Arap coğrafyasının yirminci yüzyıla armağan ettiği en kudretli ses; şarkılarıyla zamanı durduran, kültürel hafızayı inşa eden, ulusal kimliği müziğin ritmiyle yoğuran efsanevi bir ikon.
Ümmü Gülsüm (İng. Umm Kulthum; Alm. Umm Kulthum; Fra. Oum Kalthoum), 1900’lerin başında Nil deltasındaki küçük bir köy olan Tamay ez-Zahayra’da doğmuş, sesi ve yorumu ile 20. yüzyıl Arap müziğinin tartışmasız en büyük figürü hâline gelmiş bir şarkıcı, besteci ve kültürel liderdir. “Kawkab al-Sharq” (Doğunun Yıldızı) lakabıyla anılmış, milyonları peşinden sürükleyen konserleriyle hem Mısır’ın modern ulusal kimliğinin hem Arap dünyasının duygusal belleğinin kurucu seslerinden olmuştur. Sesinin gücü, icrasının derinliği ve cümle kurma biçimi, onu yalnızca bir sanatçı değil, bir kültürel fenomen hâline getirmiştir.
Ümmü Gülsüm, çocuk yaşlarda babasının yanında dini kasideler okuyarak müzikle tanıştı. Gençlik yıllarında Kahire’ye taşınması, onun hem şehir kültürünü hem modernleşen Mısır müziğini yakından deneyimlemesini sağladı. 1930’lar ve 40’lar boyunca Muhammed Abdülvahhab, Riyad es-Sunbati ve Baligh Hamdi gibi dönemin büyük bestecileriyle çalışarak Arap klasik müziğinin ufkunu genişletti.
Canlı konserleri, özellikle her ayın ilk Perşembe gecesi radyodan yayınlanan performansları, adeta ulusal bir ritüaldi. Arap dünyasında sokaklar boşalır, milyonlar aynı anda onun sesini dinlerdi. Şarkılarındaki uzun doğaçlamalar, makamların derinliğine hâkimiyeti ve dramatik yorumu, müziğini âdeta ayin niteliğine büründürürdü.
Siyasi açıdan da etkili bir figürdü.

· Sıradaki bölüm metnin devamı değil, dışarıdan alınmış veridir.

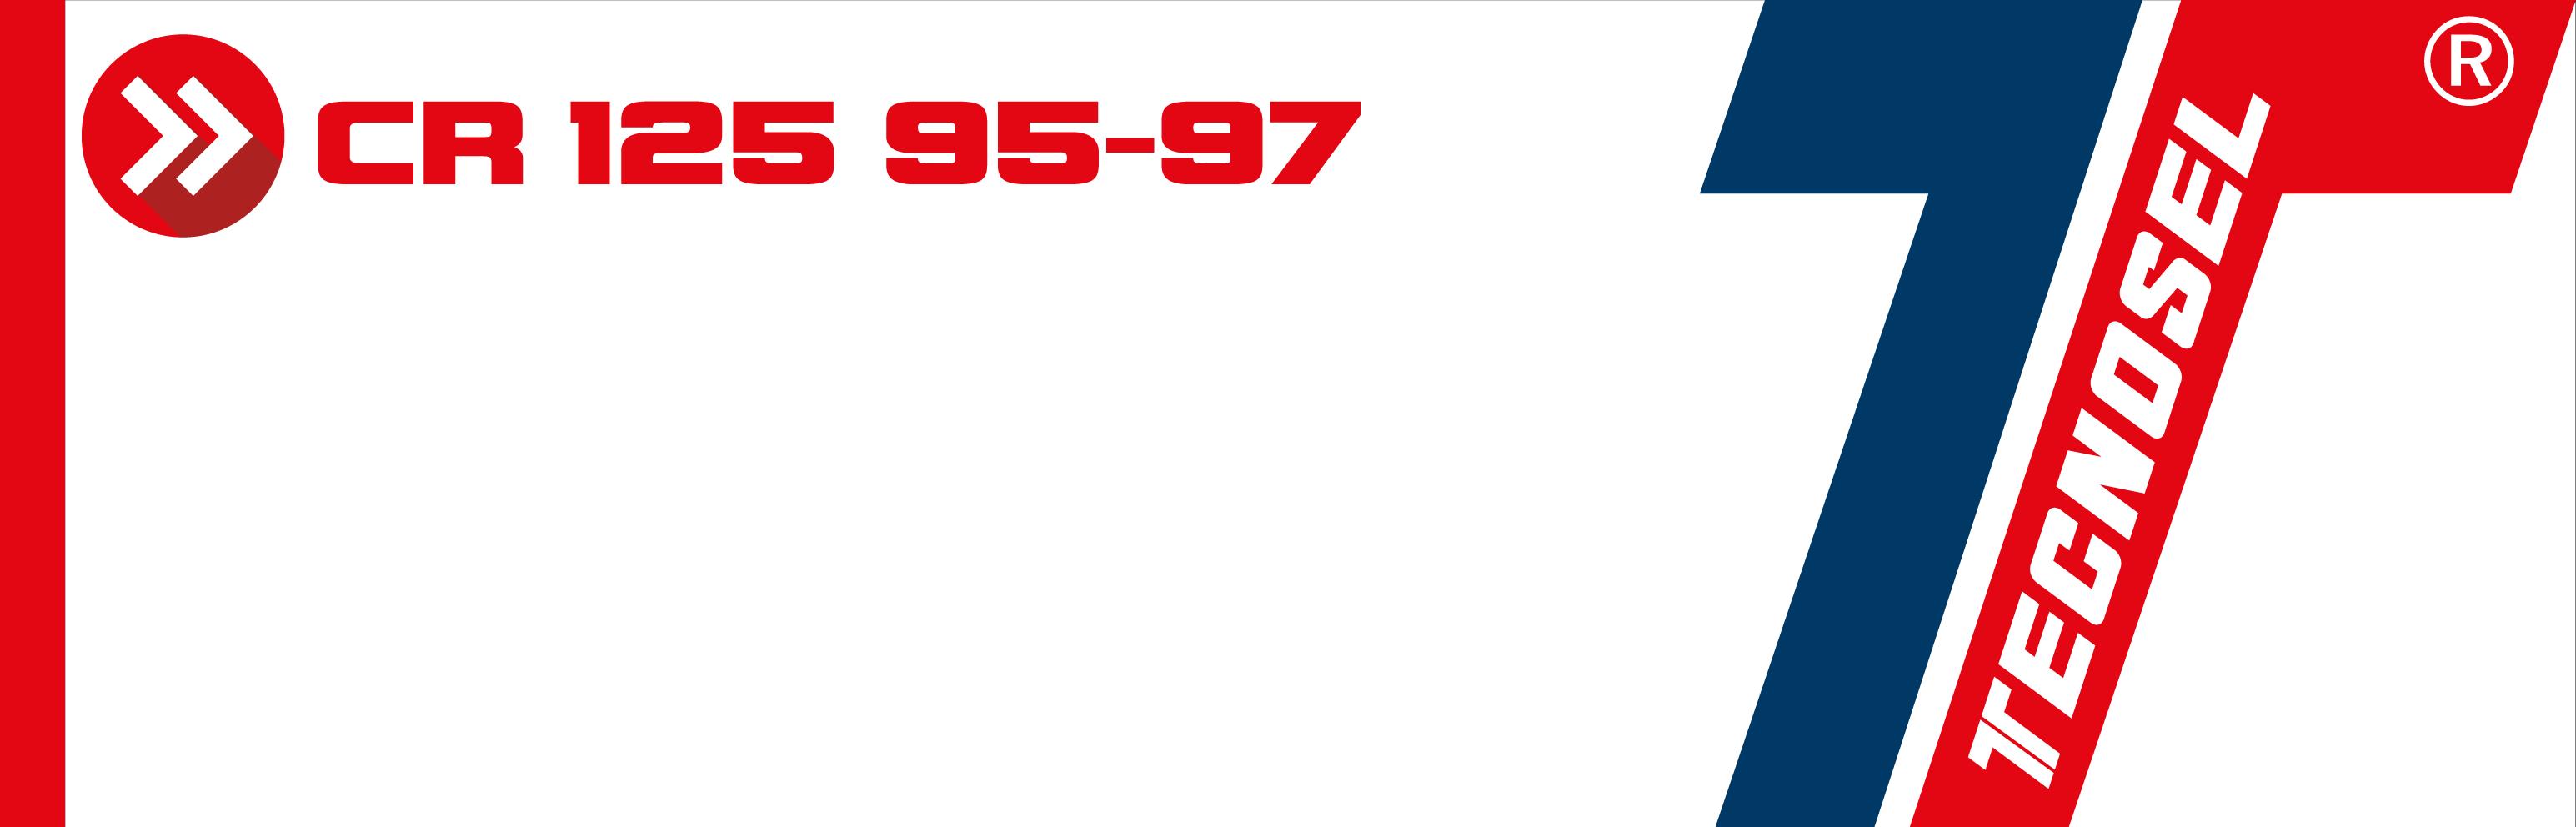 CR 125 95>97

Cemal Abdülnasır döneminde konser gelirlerini Mısır’ın yeniden inşasına bağışlamış, ulusal birlik duygusunun simgelerinden biri hâline gelmiştir.
1960’lardan itibaren aldığı “Mısır’ın Dördüncü Piramidi” unvanı, yalnızca müzikal büyüklüğüne değil, Arap kültüründeki sembolik ağırlığına işaret eder.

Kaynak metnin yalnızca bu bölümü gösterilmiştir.